**Work instructions**. All lines at and after the one containing "Printers starting at $149.99", up to the end of the listing below, are to be printed exactly, with the pictures omitted.

**Dataset excerpt**.
-=-=-=-=-

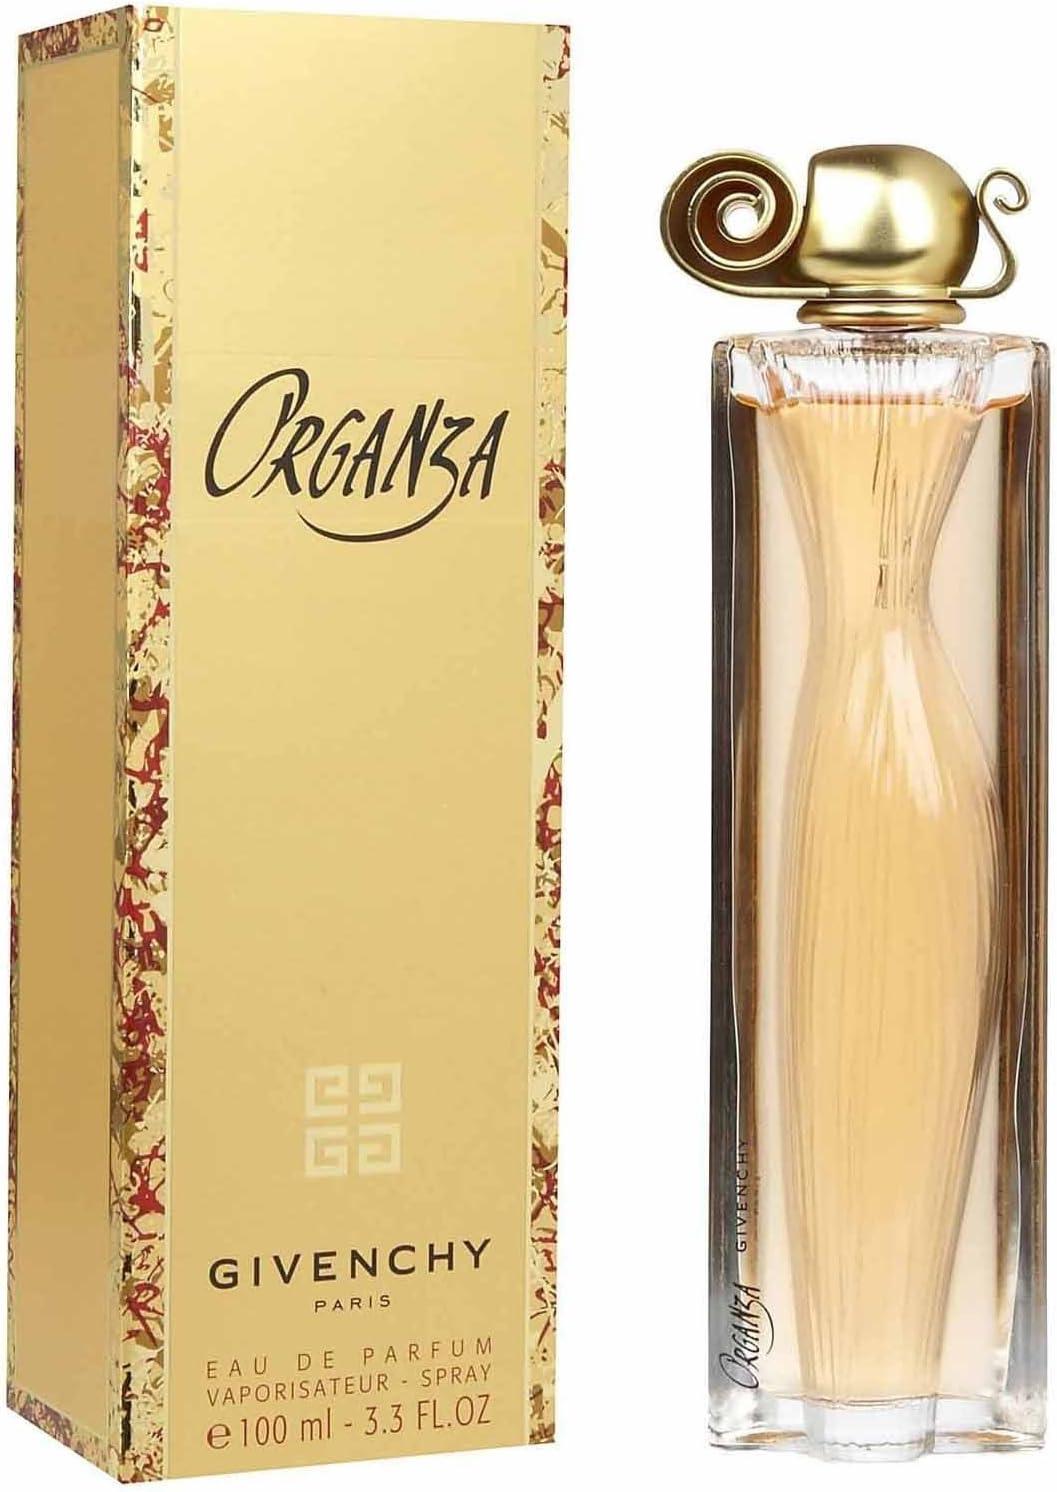 Givenchy Perfume - 100 ml
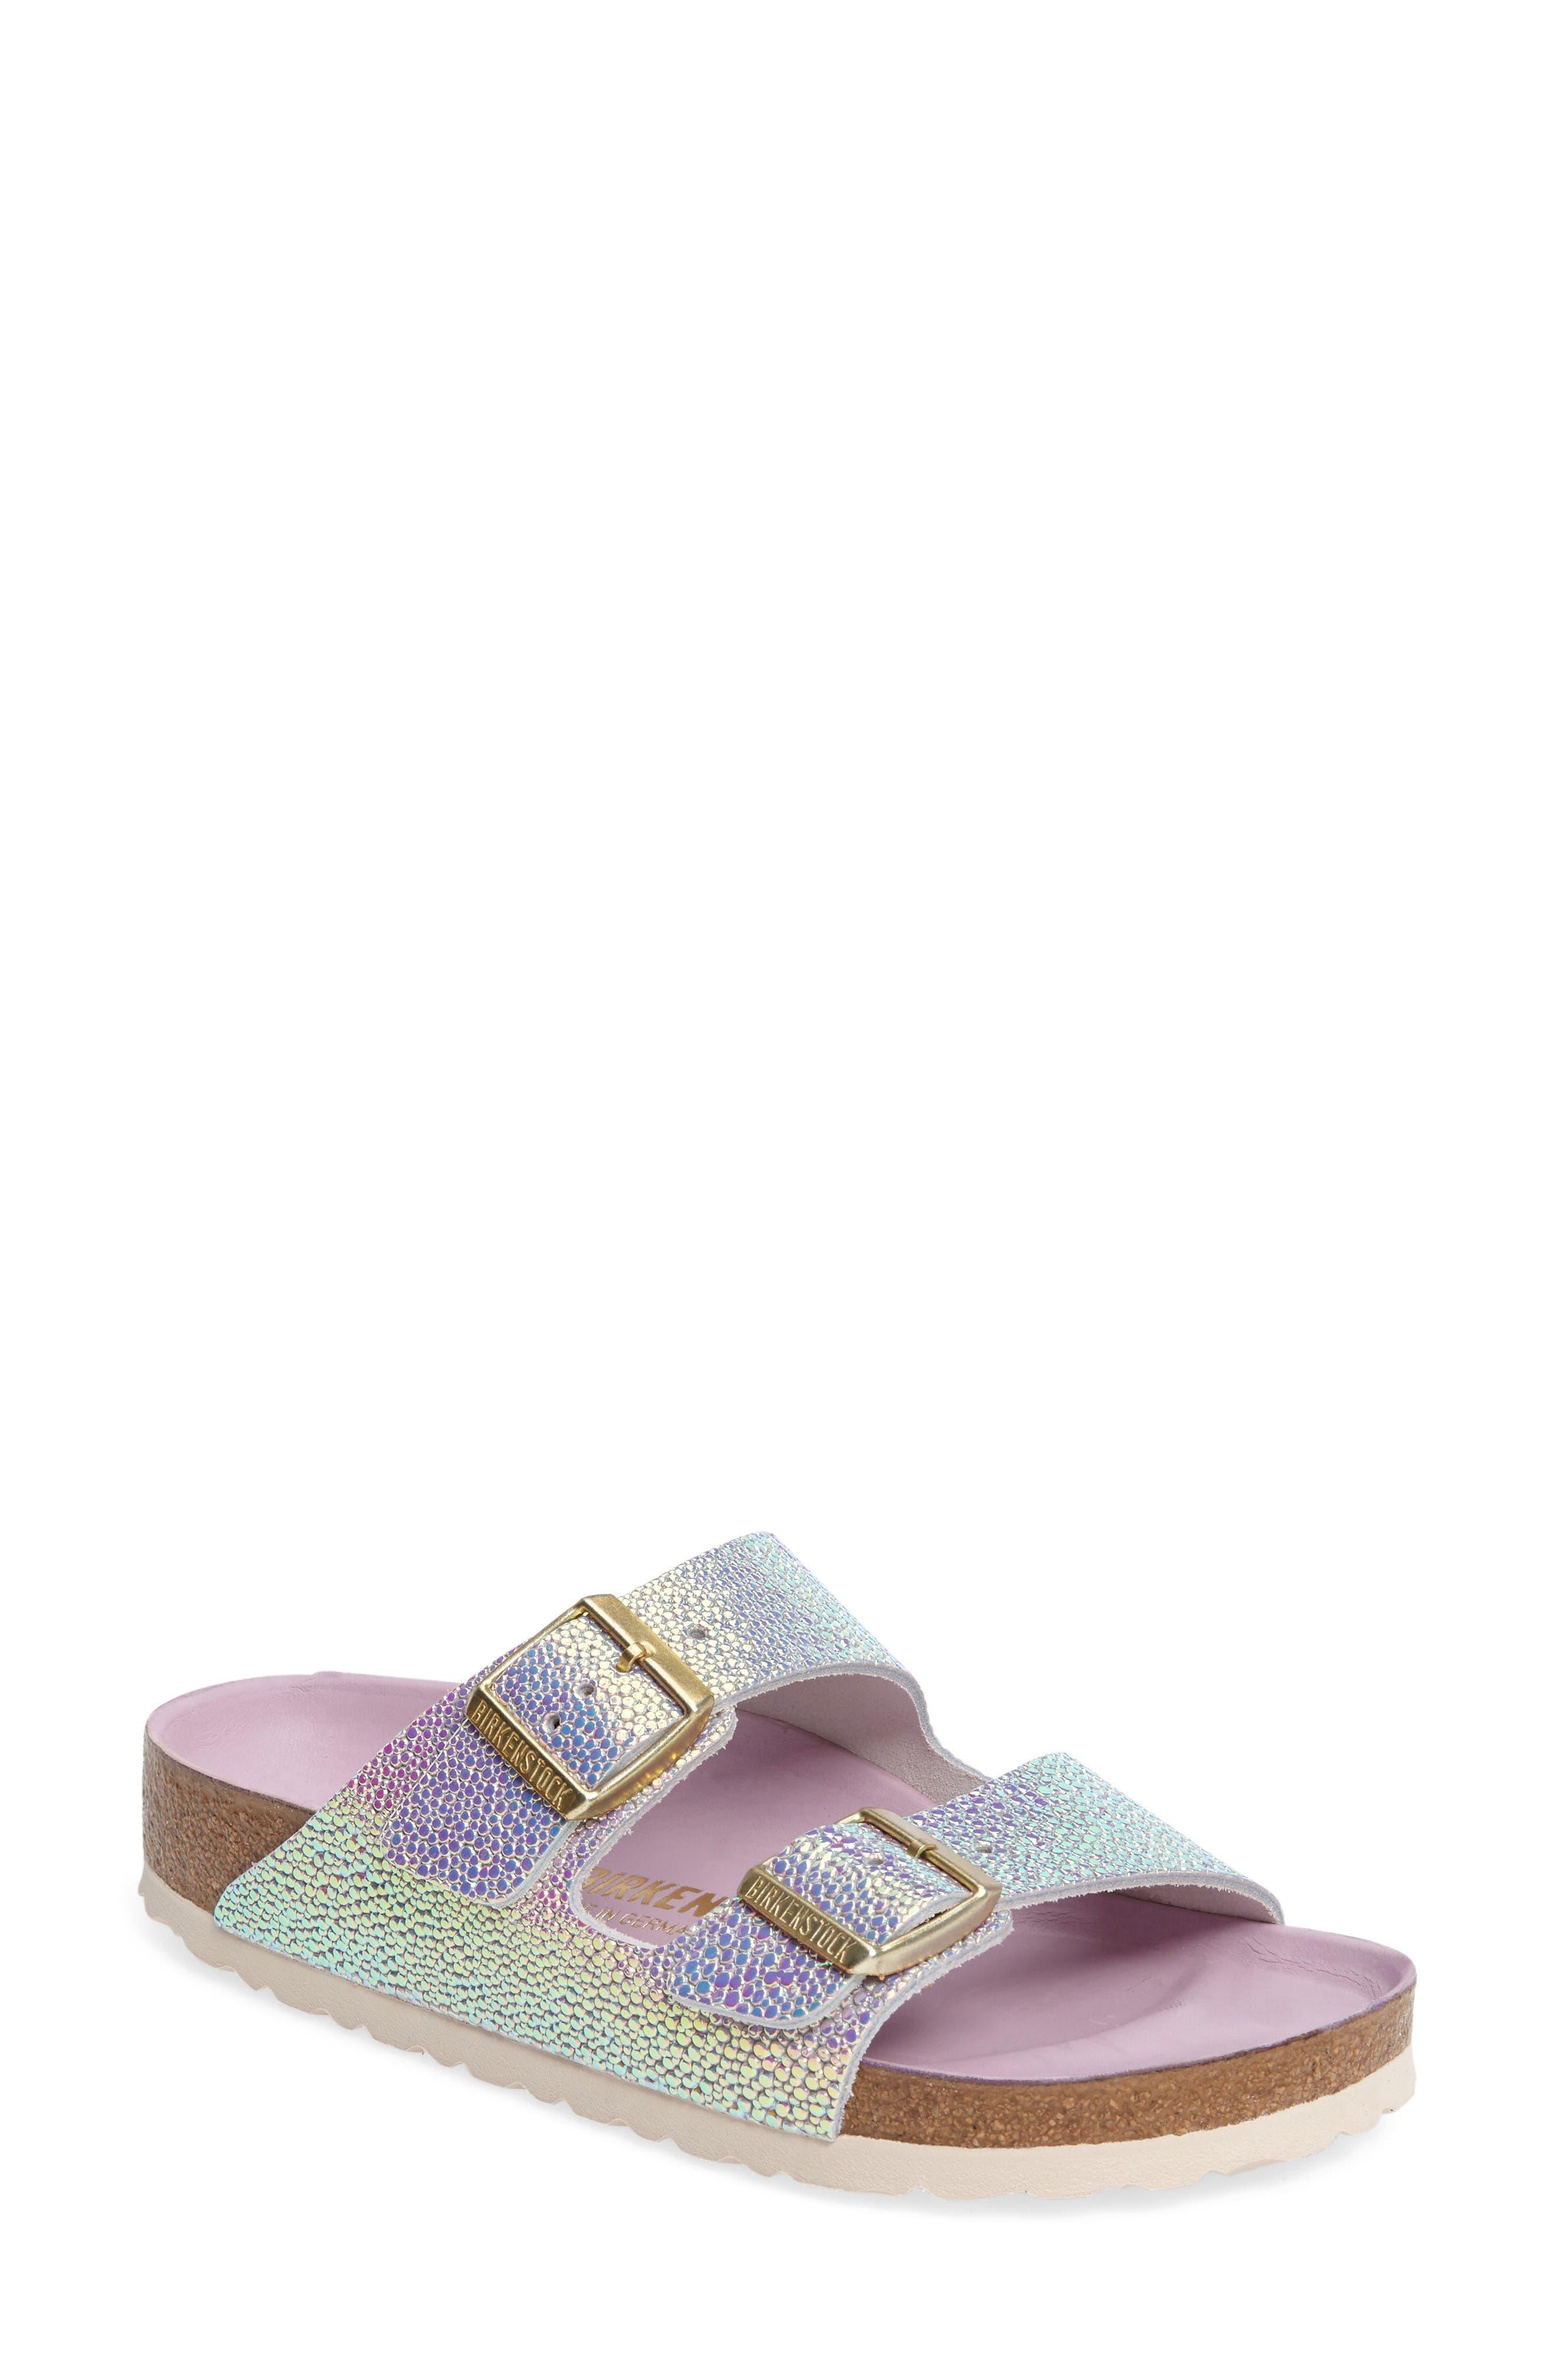 Alternate Image 1 Selected - Birkenstock Arizona Lux Iridescent Slide Sandal (Women)
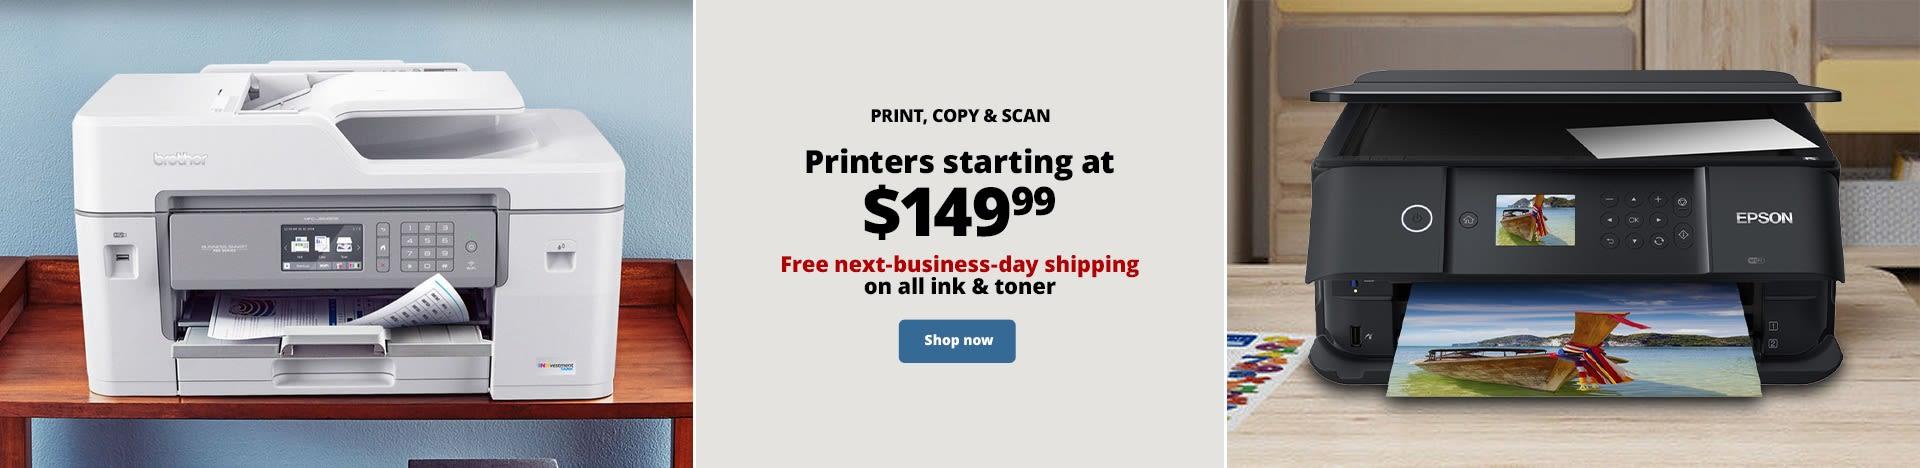 Printers starting at $149.99
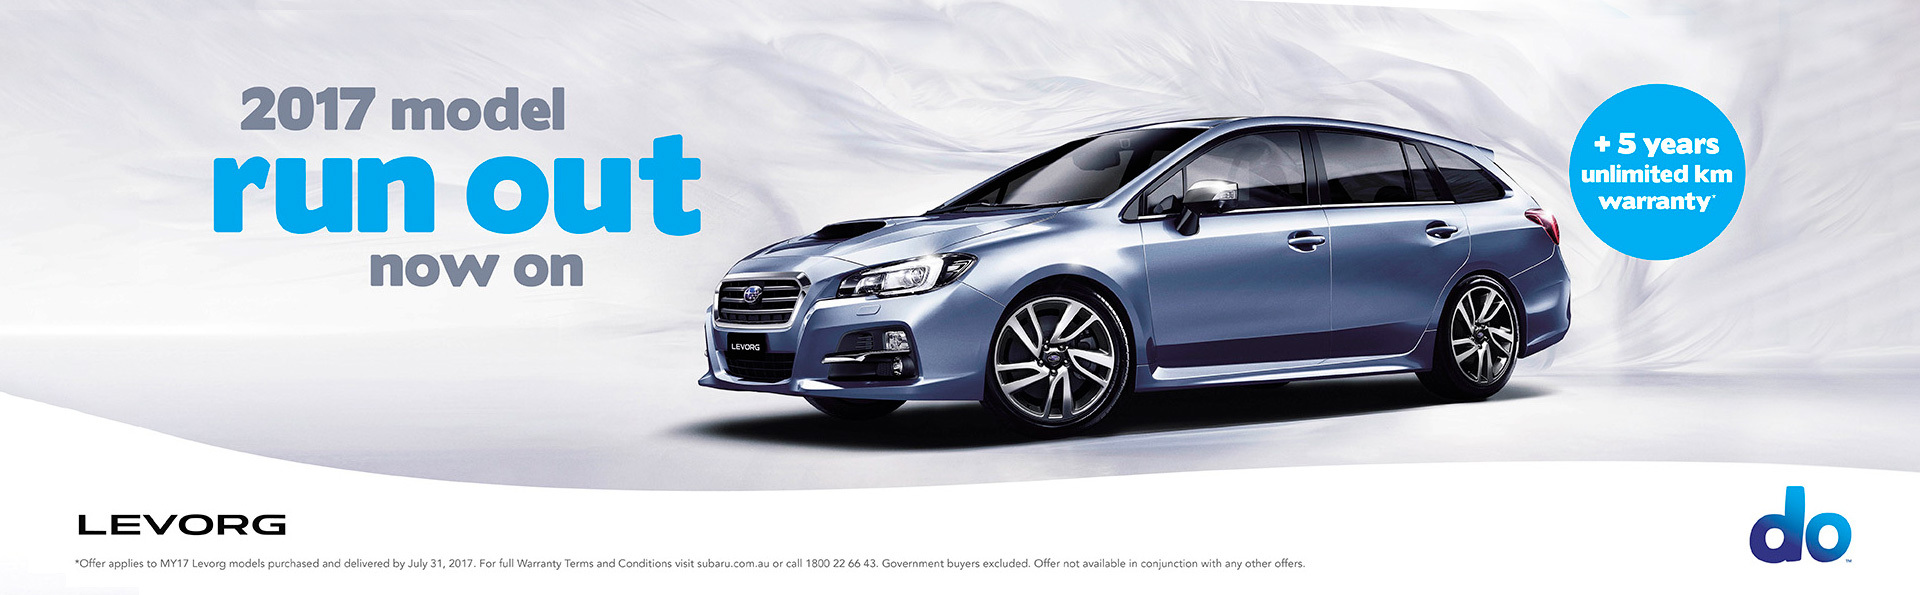 Subaru - National Offer -2017 Levorg Run Out Sale

-=-=-=-=-

**The answer**.
 Printers starting at $149.99
 Subaru - National Offer -2017 Levorg Run Out Sale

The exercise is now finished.